Figure 3.

Structural forms of 17q21.31 segregate on specific SNP haplotype backgrounds. The plot shows homozygosity and divergence (due to mutation and recombination) of the SNP haplotypes on which each structural form segregates in the European (CEU) trios analyzed in HapMap phase 3. The polymorphic CNV copies at the right end of the 17q21.31 inversion (Fig. 2) reside between the two origins of this plot (at center). SNPs on the left half of the plot therefore reside within the unique inverted region of 17q21.31, while SNPs on the right half of the plot are distal to the 17q21.31 inversion. On the branches, each colored segment represents the state of a SNP, with color representing allele frequency; branch points represent markers at which the depicted haplotypes diverge due to mutation and/or recombination with other haplotypes.

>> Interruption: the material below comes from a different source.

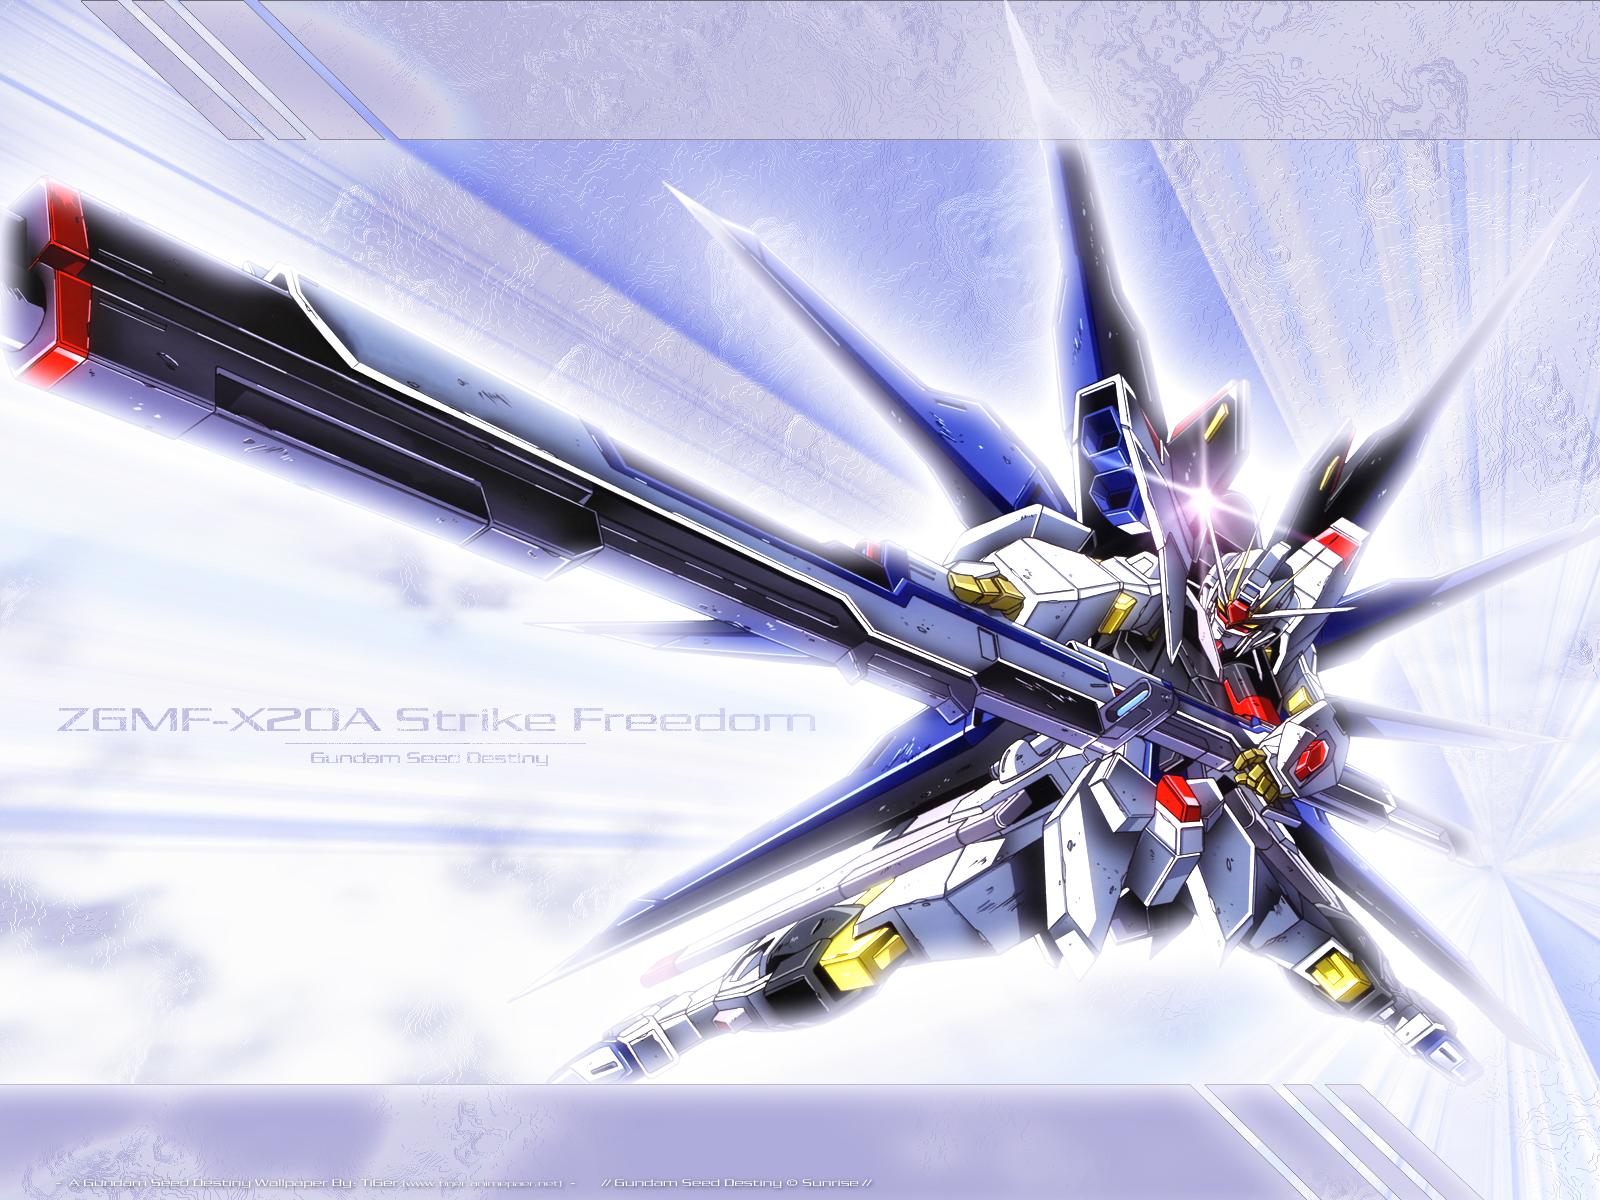 http://1.bp.blogspot.com/-MCMhOm1b8qo/UFSha2Om3tI/AAAAAAAAKdk/Ox0vJsa2NNw/s1600/Mobile-Suit-Gundam-Seed-Destiny-Wallpapers-298.jpg

The colored leaves and dots indicate the structural forms associated with each SNP haplotype. (Red leaves, H2.α1; orange leaves, H2.α2; green leaves, H1.β1; blue leaves, H1.β2; black dots, extra copies of the γ duplication.) In the plot, the structures are represented on the leaves in order to clarify their relationships to SNP haplotypes, but the variable parts of these CNVs actually reside (in genomic space) within the gap at center between the two origins on the plot. The structural forms segregate on characteristic SNP haplotypes, both inside and outside the inversion region. Statistical imputation of structural alleles utilizes SNPs on both sides of the CNVs together with more-distant markers not shown here.